■ **Stored data**
/---
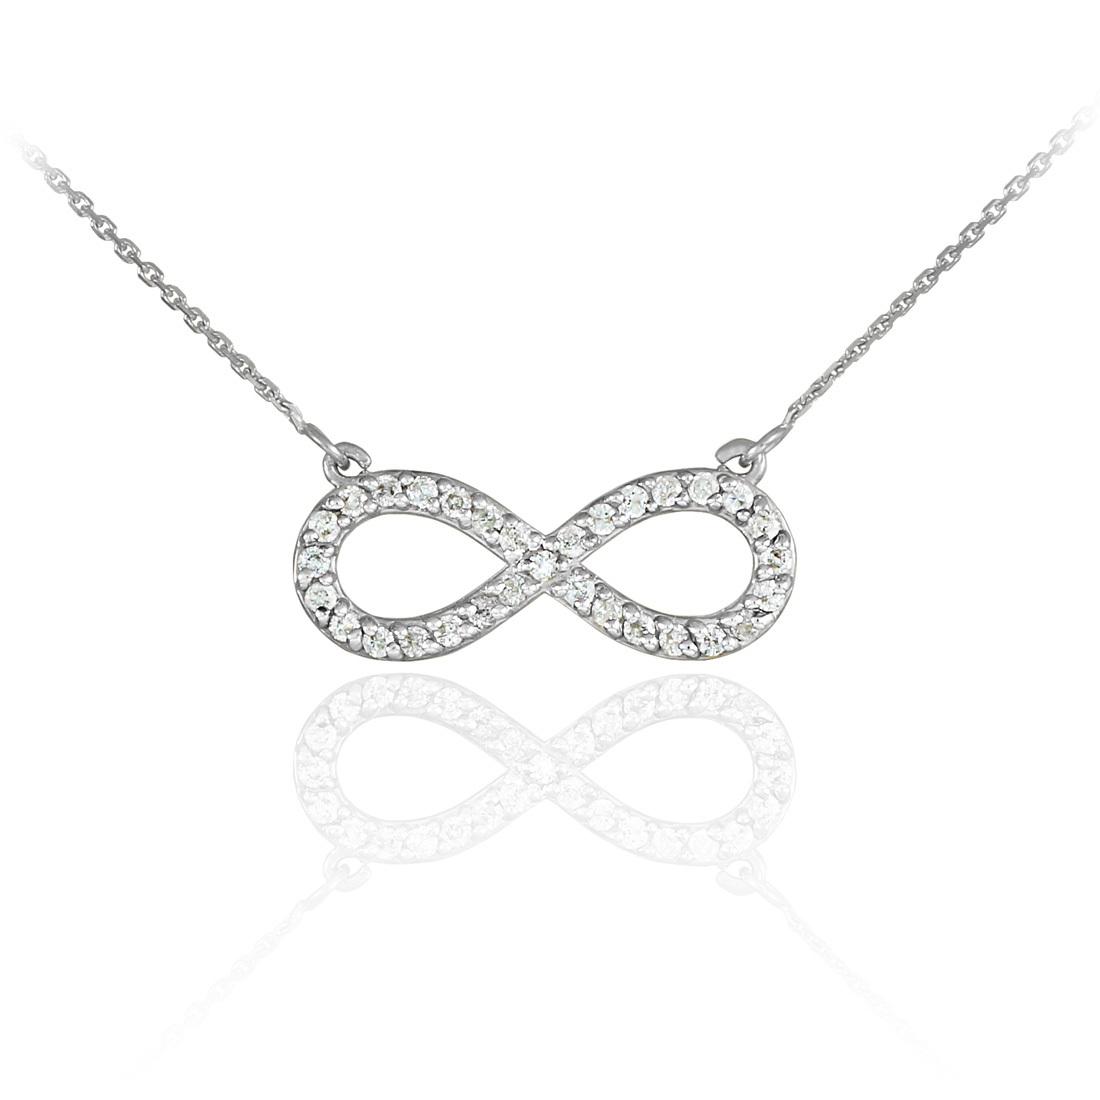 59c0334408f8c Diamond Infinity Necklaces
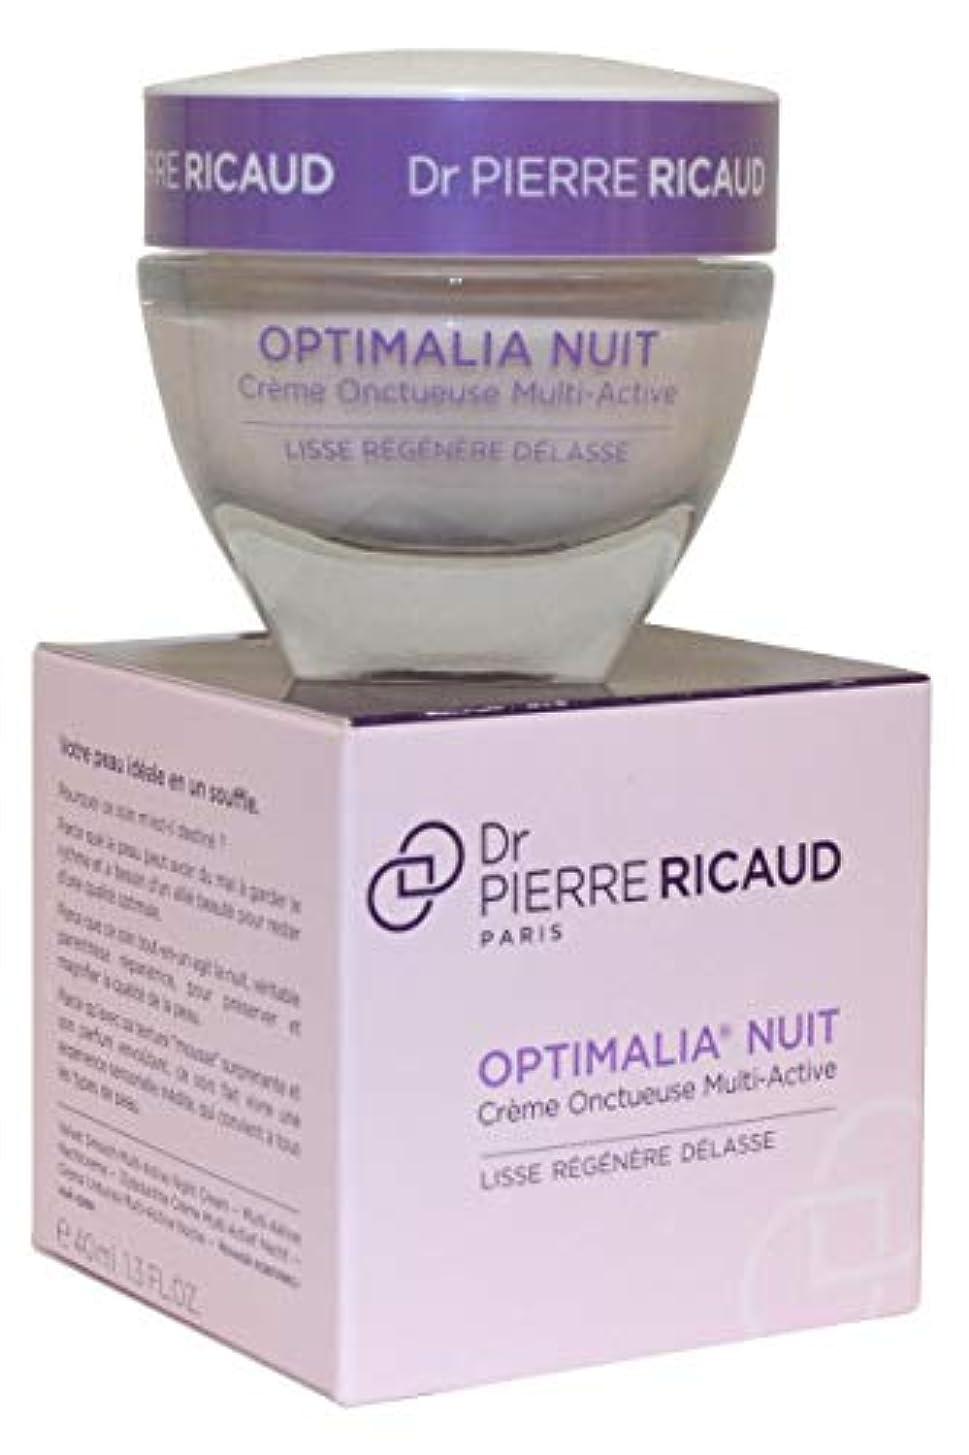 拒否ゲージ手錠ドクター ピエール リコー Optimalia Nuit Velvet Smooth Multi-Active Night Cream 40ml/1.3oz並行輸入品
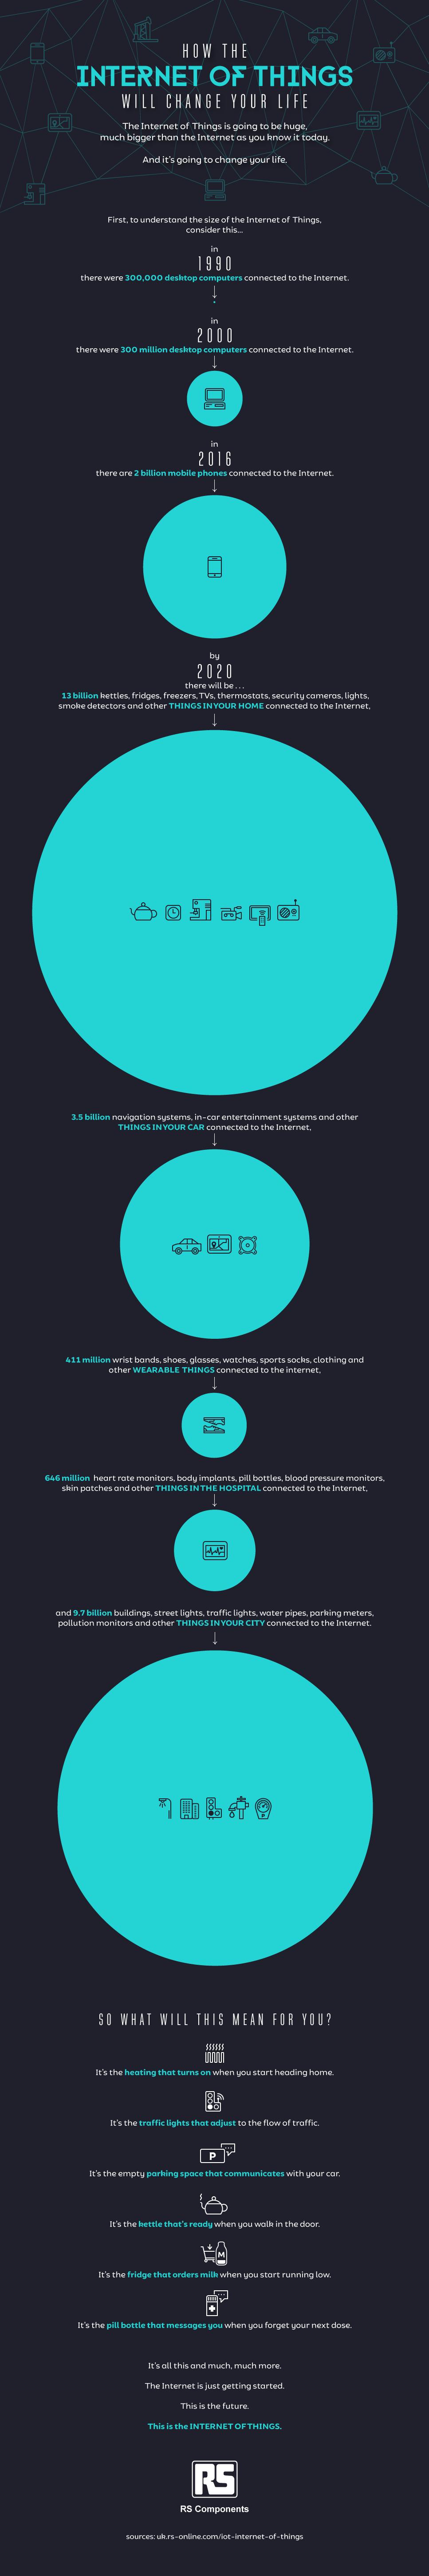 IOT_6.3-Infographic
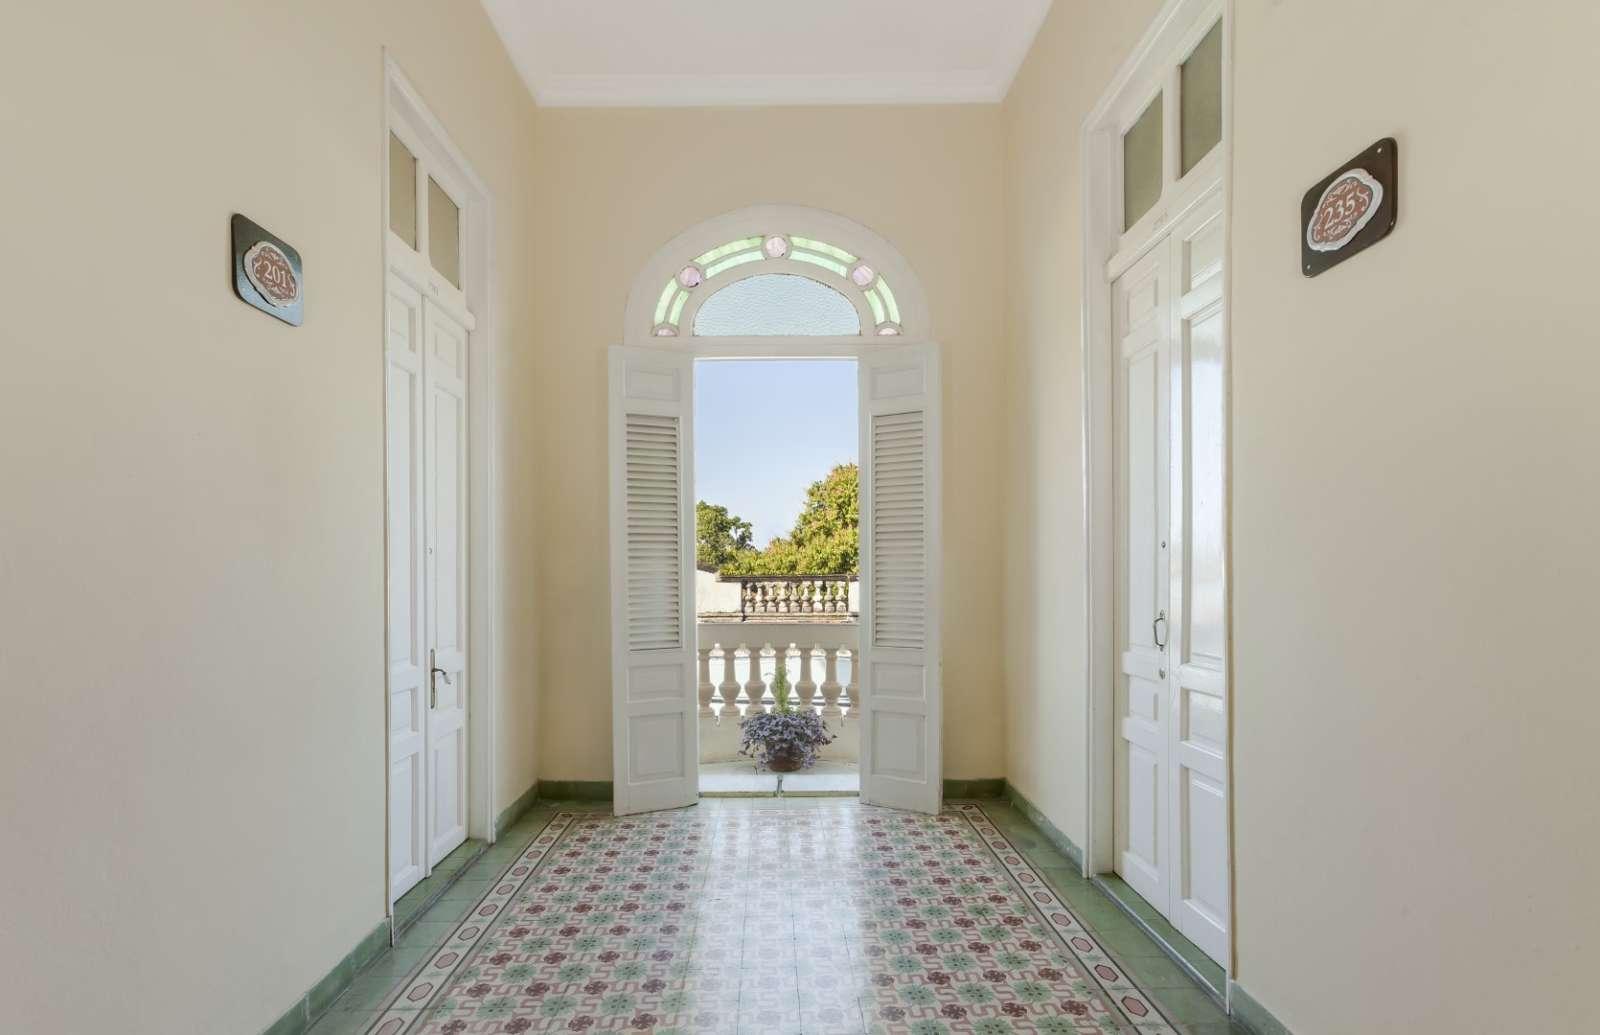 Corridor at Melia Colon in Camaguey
\---
■ **Task to carry out**
When you set down the material above, keep every word exact and include no pictures.

■ **Answer to the exercise**
 59c0334408f8c Diamond Infinity Necklaces
 拒否ゲージ手錠ドクター ピエール リコー Optimalia Nuit Velvet Smooth Multi-Active Night Cream 40ml/1.3oz並行輸入品
 IOT_6.3-Infographic
 Corridor at Melia Colon in Camaguey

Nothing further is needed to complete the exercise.